For most adults, plain polished stainless steel is the right answer. For kids, silicone-tipped is gentler on teeth.
"I bought a starter pack of metal straws three years ago that turned out to be all the same length and bore. Useless for my smoothies, too short for my big tumbler, fine for water but I'd have used a glass anyway. Replaced it with a small set that has two lengths and two bores and we use them all the time now. The point of metal straws isn't to have one perfect straw. It's to have the right straw for the drink in your hand."
- Maya O., Cairns
Cleaning brushes
Don't buy metal straws without buying or receiving cleaning brushes. The inside of a straw cannot be cleaned by a dishwasher alone. Smoothie residue, tea staining, and milk film all build up inside, and within weeks the straw starts smelling slightly off.
The brush is a simple wire pipe-cleaner with bristles, usually 25cm long. You poke it through the straw with hot soapy water once a week, and the straw stays fresh indefinitely. Without the brush, even a stainless steel straw becomes unhygienic faster than most people realise.
Most quality straw sets come with two brushes. If yours doesn't, buy them separately. They're cheap and they make the difference between a straw that lasts 10 years and a straw you eventually throw out because it tastes funny.
The ideal household straw kit
Based on actual use over years, the kit that works for most homes is:
Two short bent straws for kids' cups and short tumblers
Two standard-length straight straws for water glasses and water bottles
Two long straws (one bent, one straight) for tall tumblers and travel cups
One smoothie-bore straw if you make smoothies more than once a week
Cleaning brushes (two minimum, for rotation)

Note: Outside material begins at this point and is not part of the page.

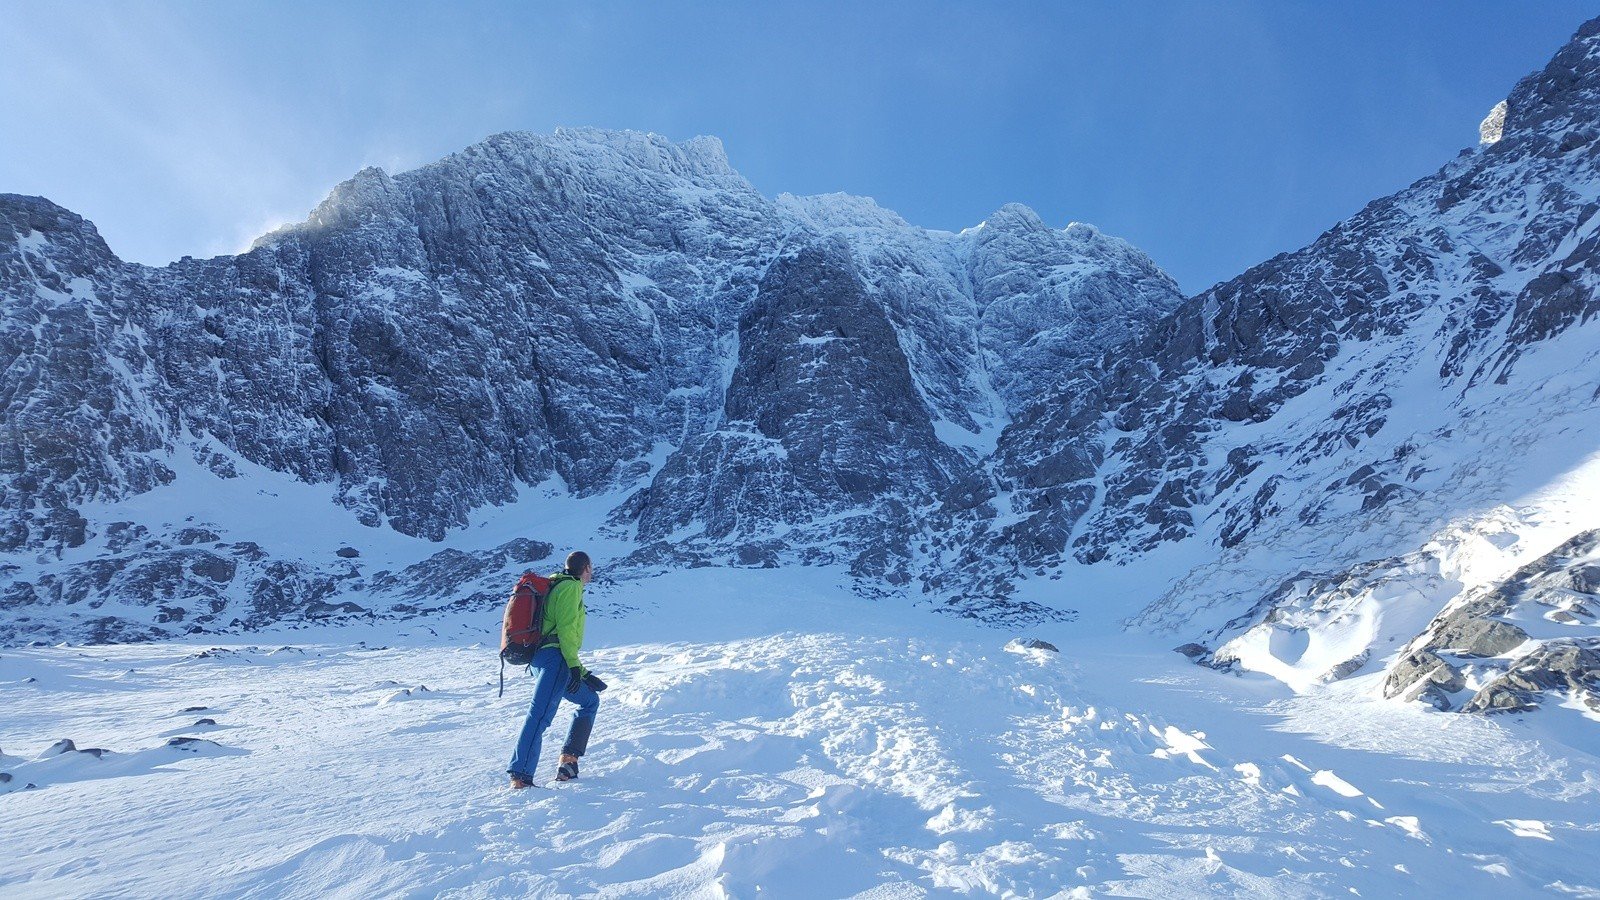 Heading out for a winter skills course on Ben Nevis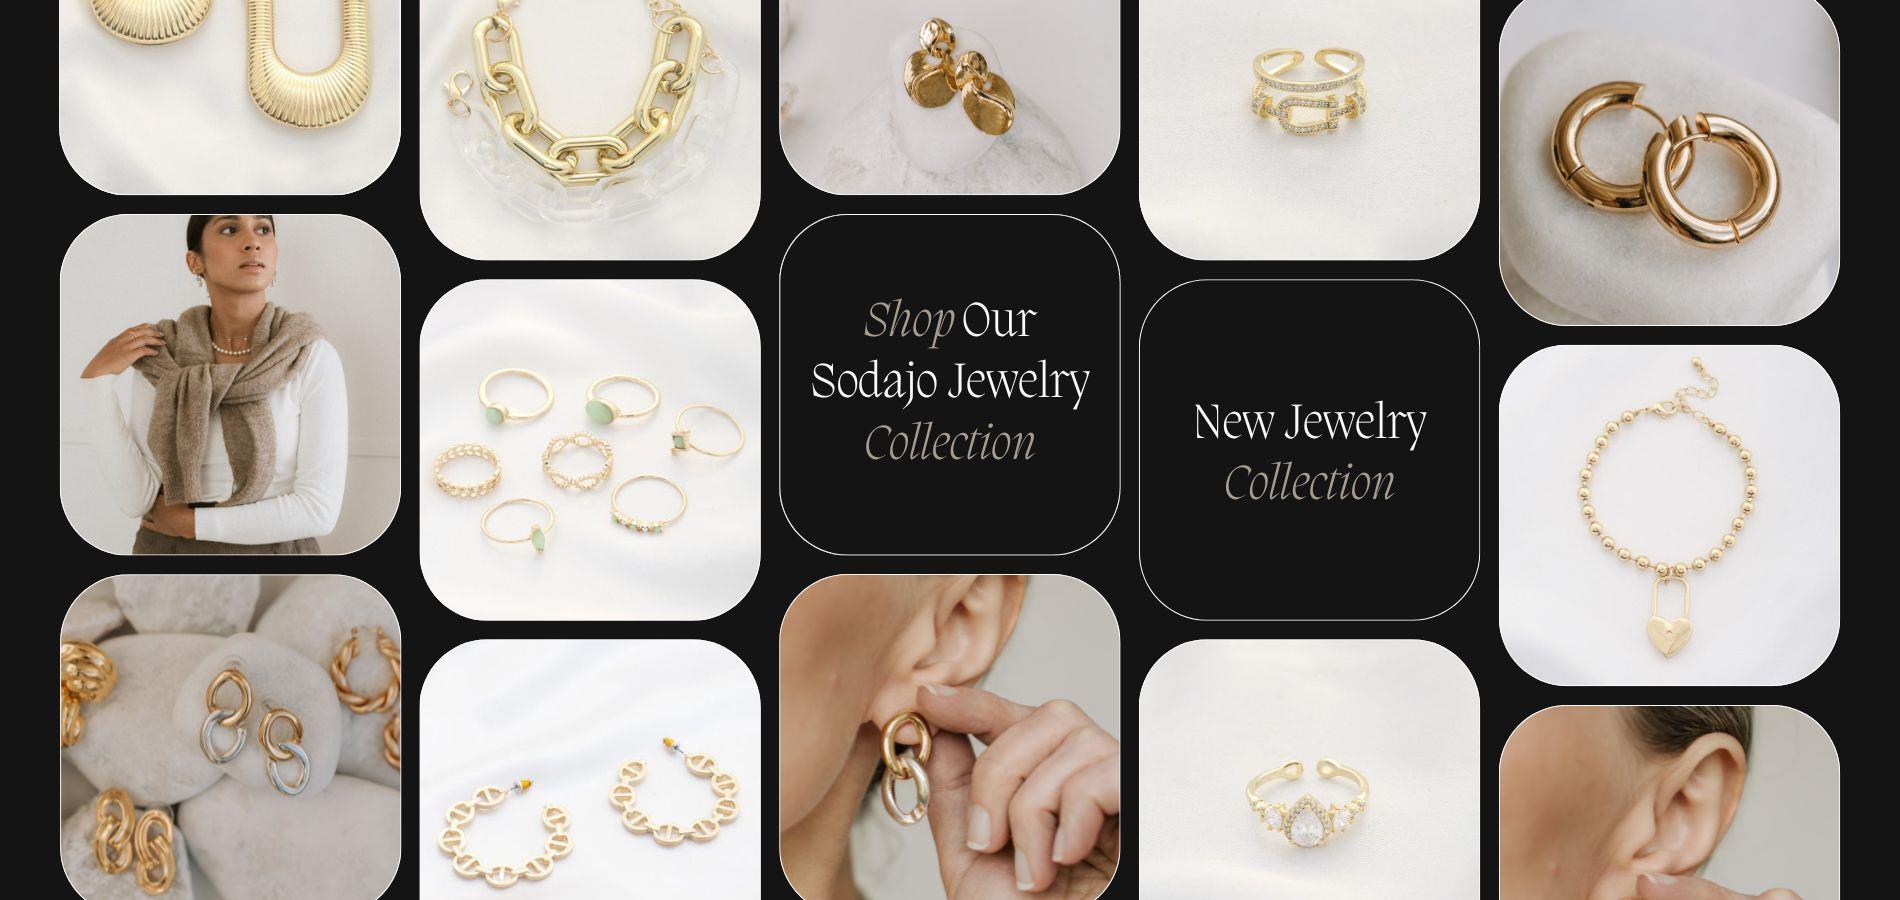 Wholesale Jewelry and Wholesale Accessories|Joia Accessories

A small storage pouch or cloth roll for keeping them together
The whole kit is under $40, lasts a decade, and replaces dozens of single-use plastic straws every year.
The matching kit
If you're packing straws for kids' lunches, pair them with an insulated water bottle that fits the straw, or a stainless steel cup they can drink from at home. The whole drink-ware kit becomes one consistent system that survives the dishwasher and lasts through primary school.
The point
"Buy metal straws" is good advice. "Buy the right metal straws for the cups you actually use" is better advice. The straw that doesn't fit any of your cups is a straw that lives in a drawer.
Length, bore, bend, material, cleaning. Five things, ten minutes of thinking before you buy, and you end up with a kit that gets used every day for years rather than once and forgotten.